• _Stored data_
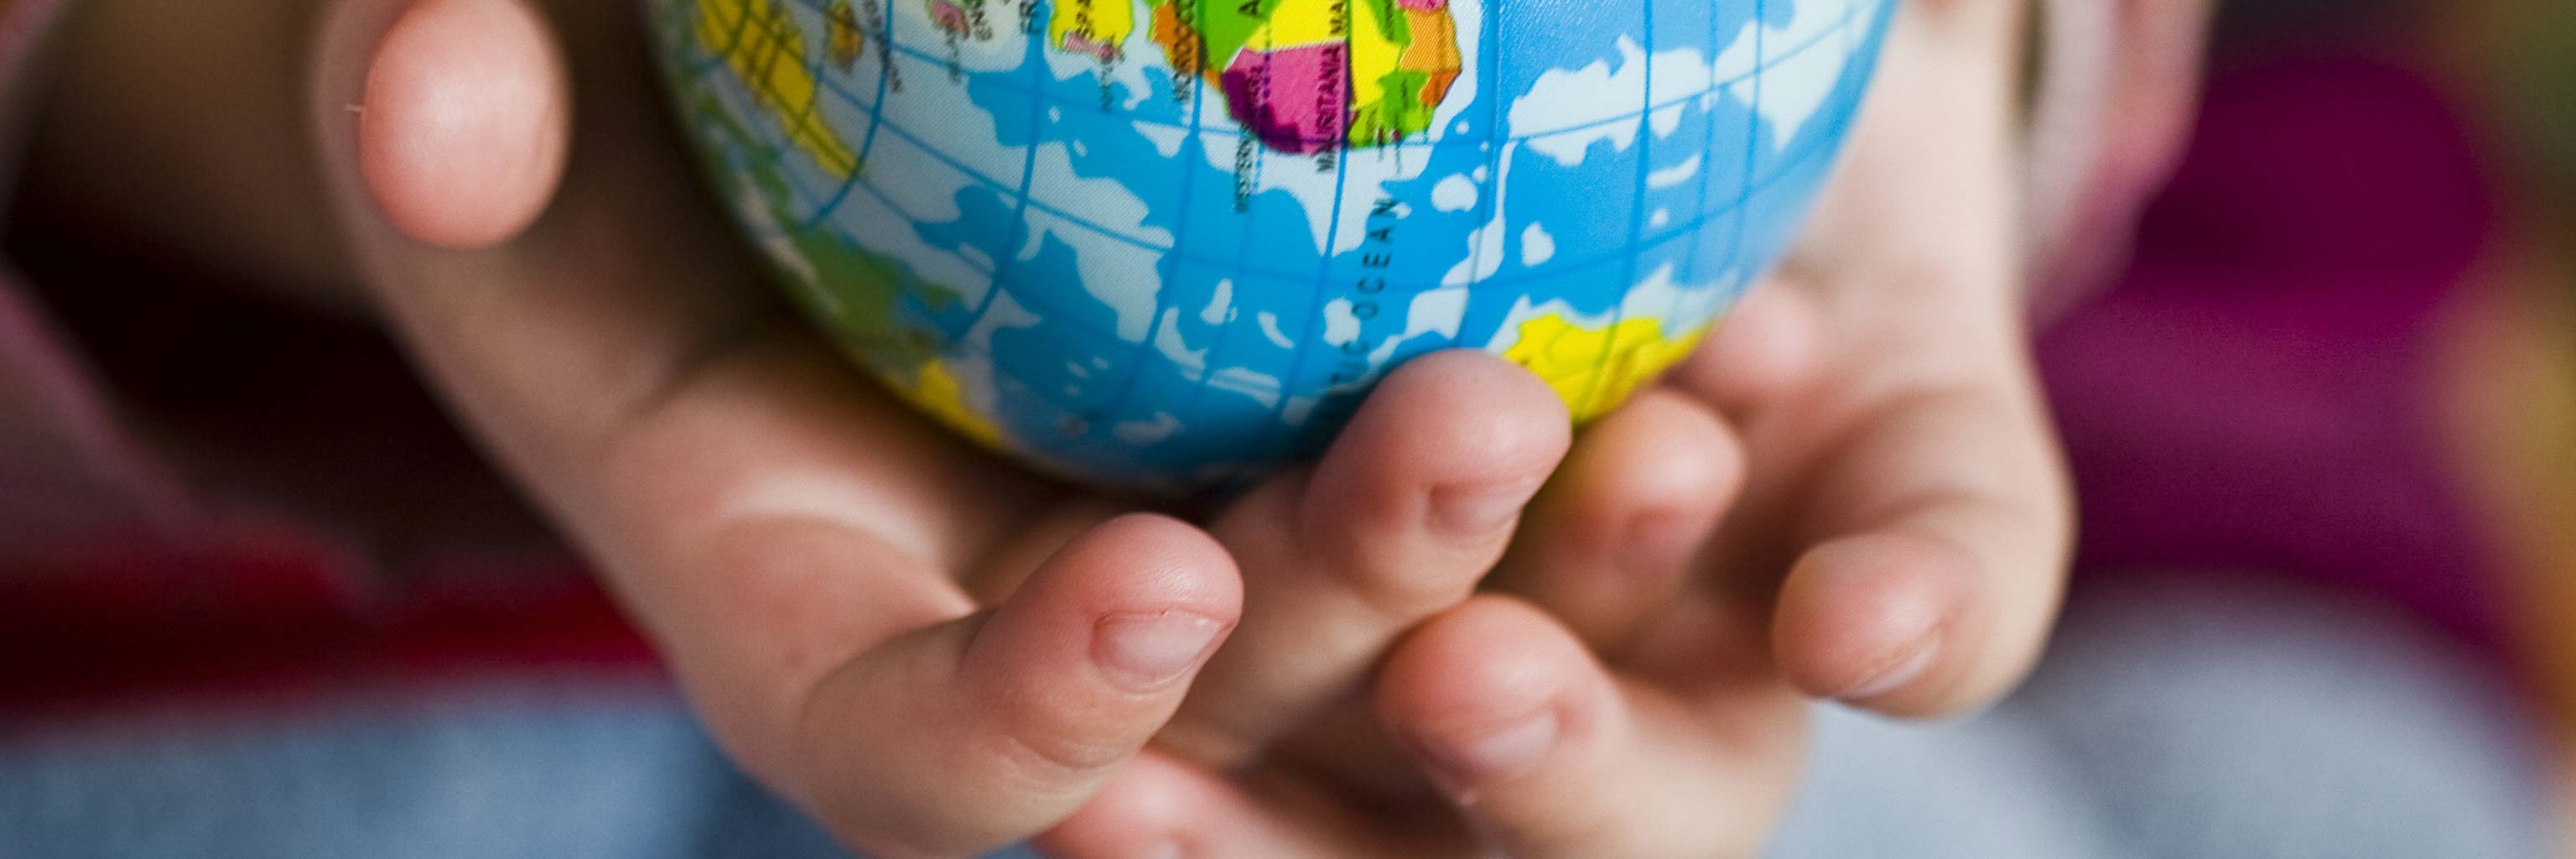 A pair of hands holding a small model of a globe
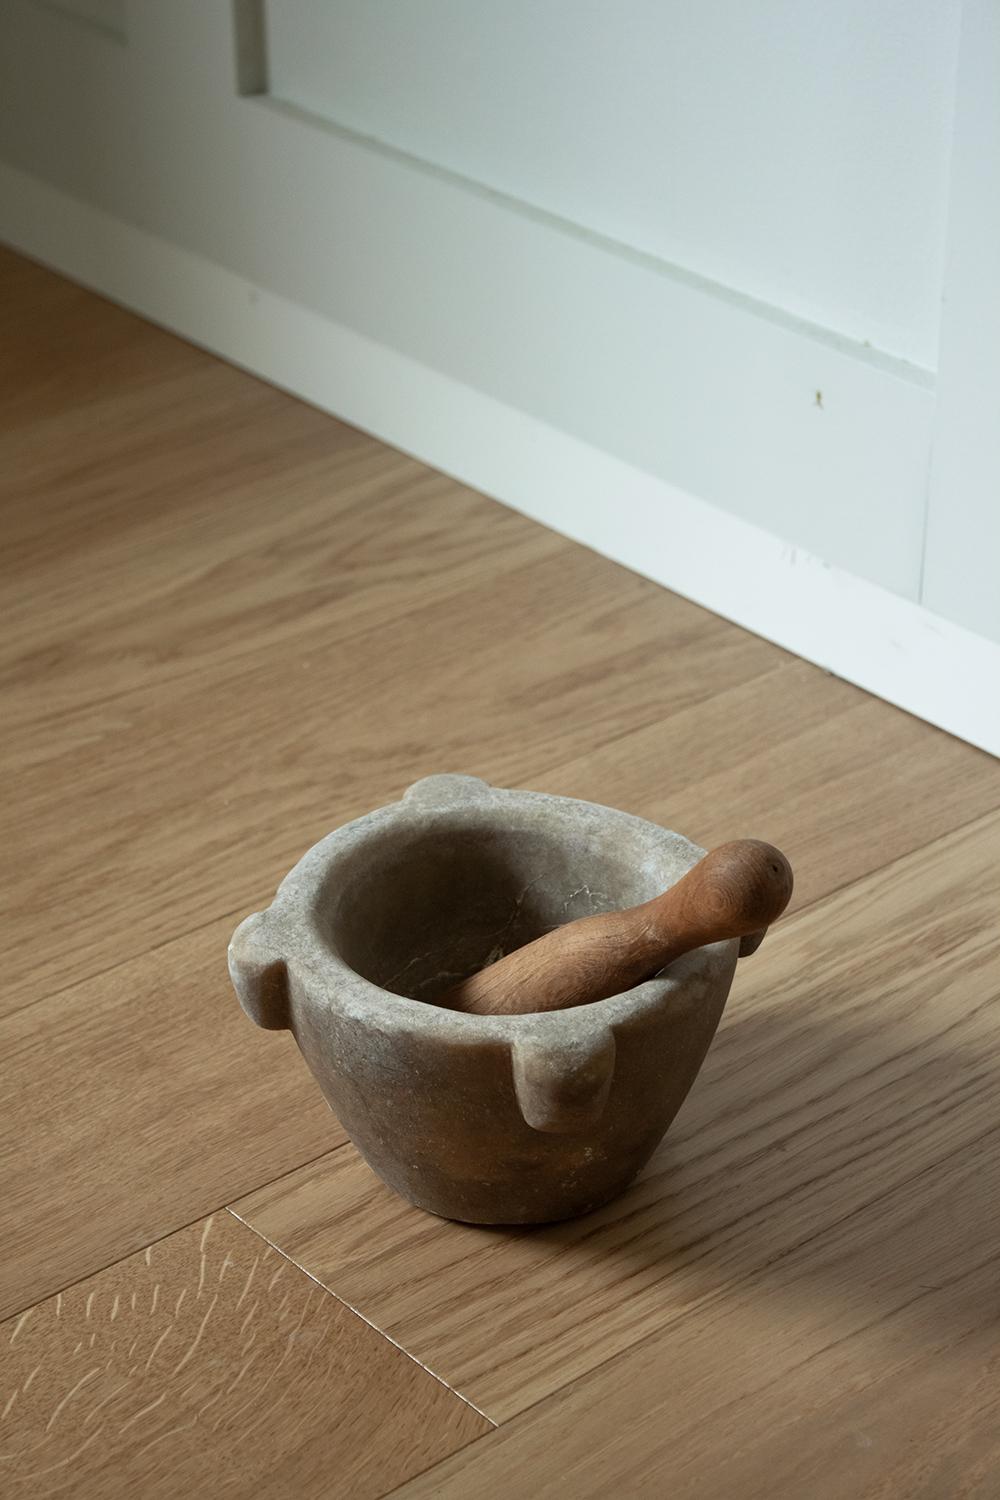 A petit antique French mortar with a smooth surface and great patina, the perfect accent piece in any kitchen or interior to add a rustic french flair.

This mortar has been sourced in the south of France.

• _Task statement_
The listing above should be transcribed word for word, with its pictures left out.

• _Answer section_
 A pair of hands holding a small model of a globe
 A petit antique French mortar with a smooth surface and great patina, the perfect accent piece in any kitchen or interior to add a rustic french flair.

This mortar has been sourced in the south of France.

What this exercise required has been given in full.